The spirits sector has always been a strong supporter for a robust EU trade policy: negotiating ambitious trade deals with key export markets to gain competitive advantage while targeting high import tariffs and other barriers such as discriminatory tax policies, insufficient IP protection and complex custom procedures. Enforcement of existing agreements can also be improved.
“We frequently bring to the attention of the Commission trade-restrictive measures that prevent spirits producers from doing business. Many of these cases are linked to the lack of enforcement of rules already negotiated at WTO level or in free trade agreements” concluded Skehan. At the launch of the spiritsEUROPE report, recent problems in Canada, China and Colombia will be highlighted.
Ultimately, for the beverage alcohol industry, Brexit’s largest effect is likely to be foreign exchange (FX) rate fluctuations in both the near and long term.
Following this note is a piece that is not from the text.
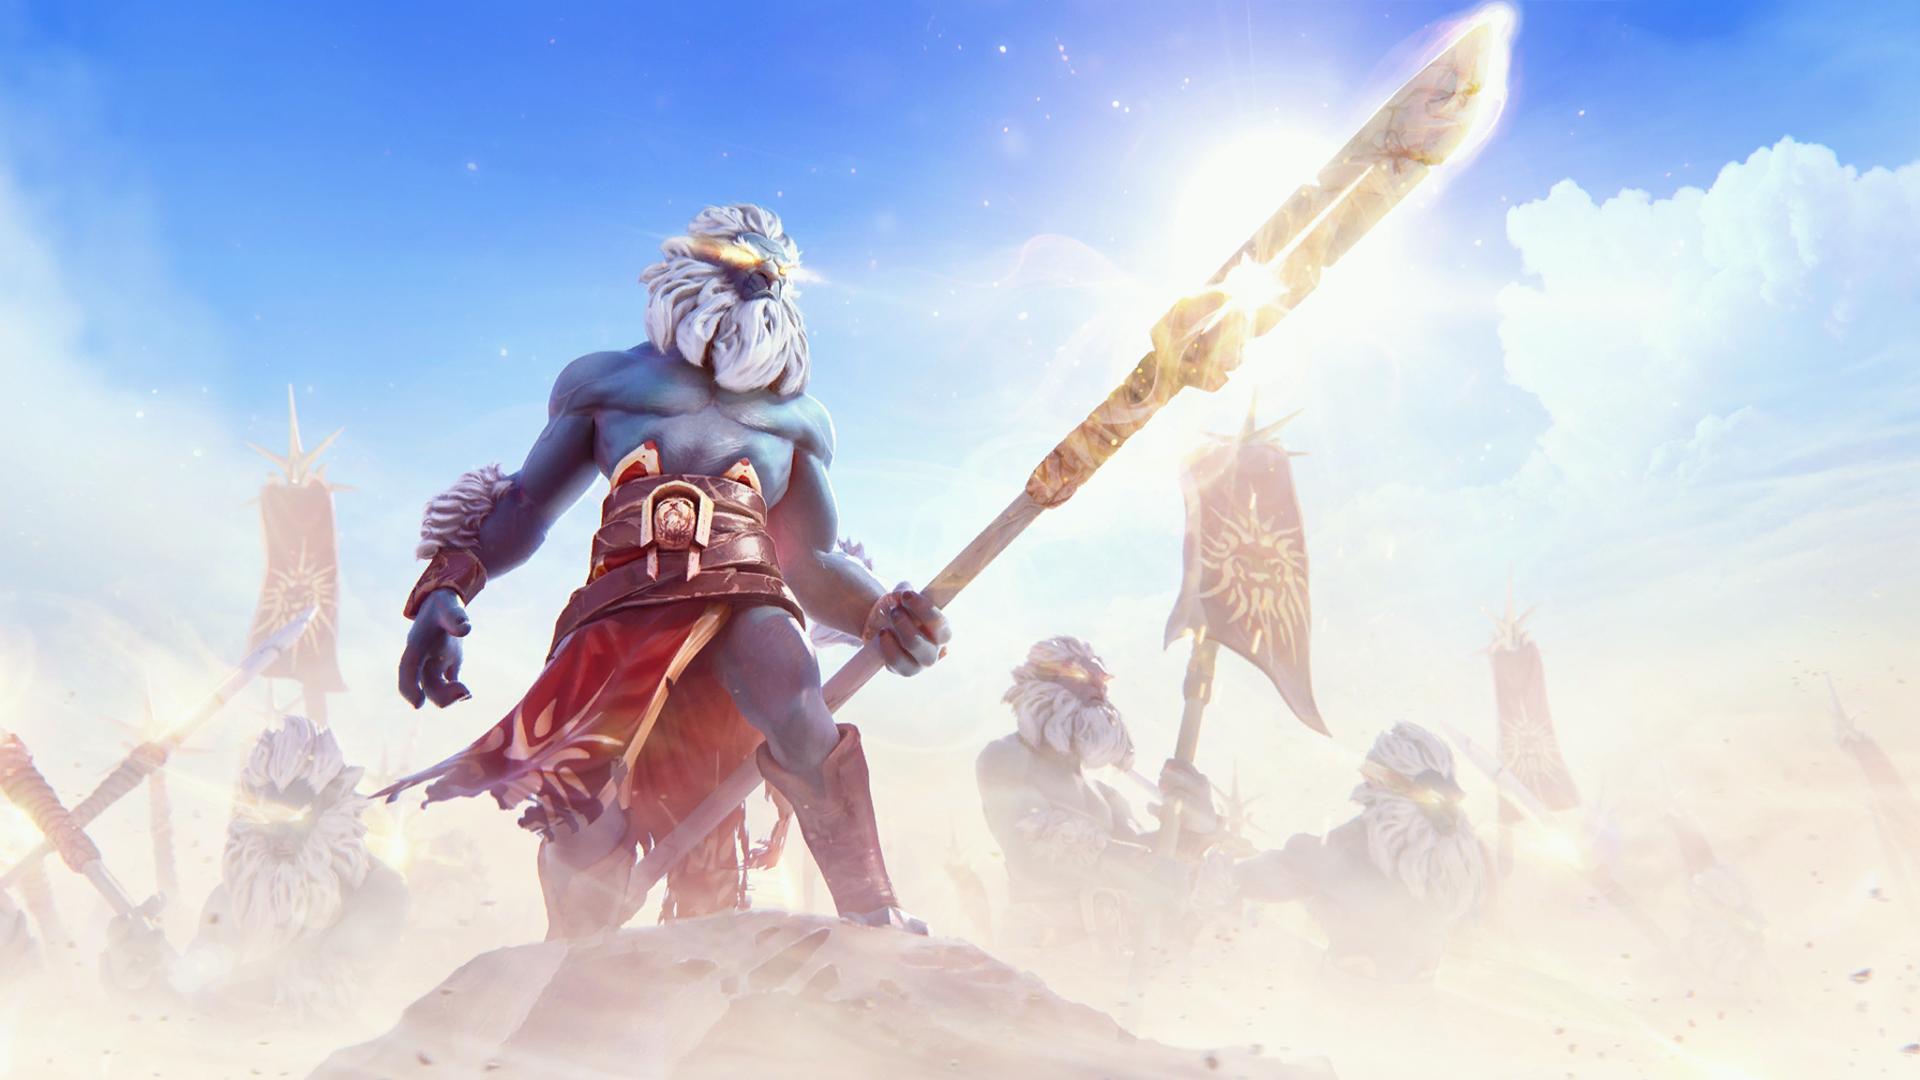 Video Games Hero Dota 2 Valve Corporation Defense Of The Ancient Phantom Lancer Screenshot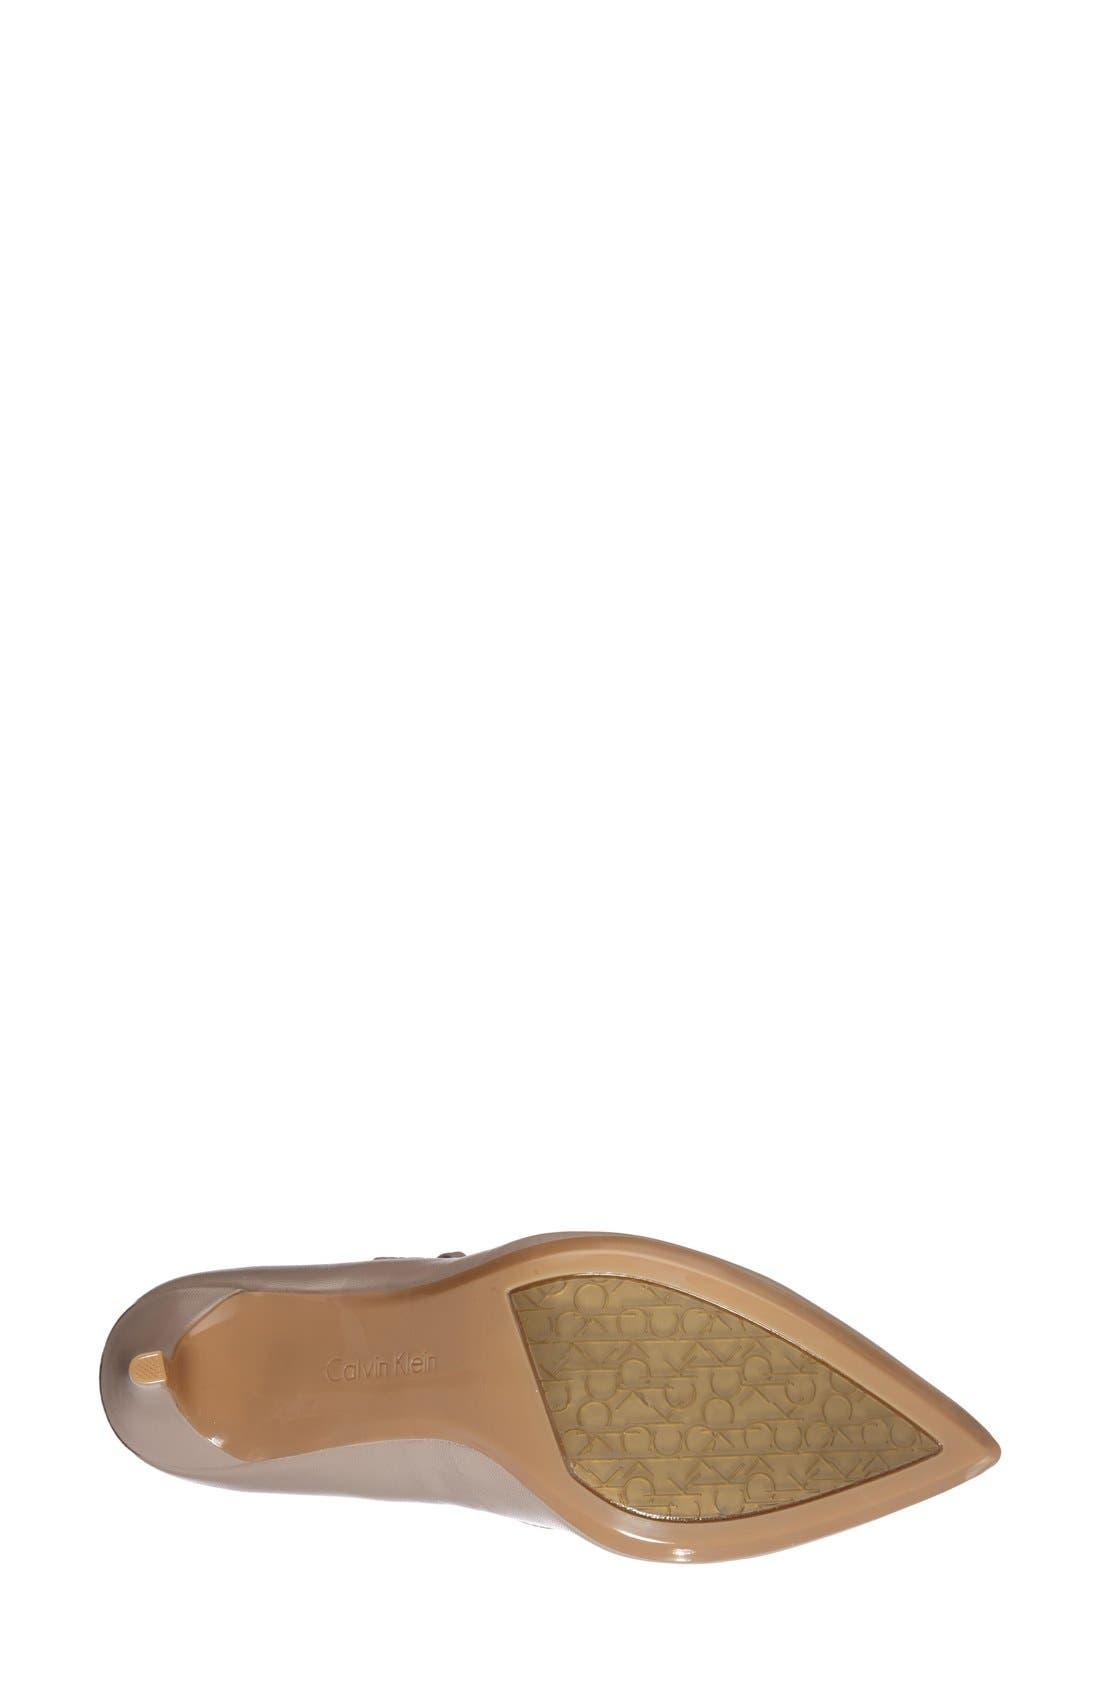 Alternate Image 4  - Calvin Klein 'Genavee' Pointy Toe Pump (Women)

Since the vote to leave the European Union, the GBP has dropped in value against the US Dollar (USD). Conversely, the Euro to USD exchange rate has remained relatively stable over the past 18 months. While the majority of trading is speculative, it appears unlikely that the GBP/USD rates will revert to historical norms in the near term.
Presuming these rates signal a new normal, there are some general assumptions that can be made relevant to the beverage alcohol industry: Overall exports from the UK to the US will be more profitable for UK-based exporters.
Scotch Whisky is the biggest potential beneficiary. However, many of the major Scotch brands are owned by international corporations and these companies will protect brand positioning so it is unlikely that pricing will be reduced to gain market share. That said, incremental margin may be used for marketing spend to drive greater consumer awareness.
The UK is not a major exporter of Wine or Beer into the US so there are likely to be minimal impacts related to exchange rate fluctuations.
The UK is a major importer of beverage alcohol and a weakening GBP against the local currencies of most major producing countries will make the UK a much less profitable market.
For US based producers, this means that either prices will necessarily increase in the UK market, or export margins will be reduced.
Regarding pricing specifically, the UK market has traditionally been resistant to price increases. However, these foreign exchange shifts may make it possible to protect exporter margins over the medium term.
As the potential profitability of the UK export market declines, international producers are likely to look to other markets to achieve growth objectives, including the US.
To the extent that the Euro shows on-going weakness against the USD, this will make it possible for Euro-denominated producers to increase more on price relative to US domestic producers.
Overall, for the US Beverage Alcohol market there are two points to be made:
With a strong USD and a weak Euro, it is a good time to buy barrels and equipment from Europe. On the other hand, with 90 percent of the nation’s whisky stock shipped abroad, more than £1 billion pounds in sales could be at risk if the Brexit went through, industry leaders warned in the months ahead of the vote.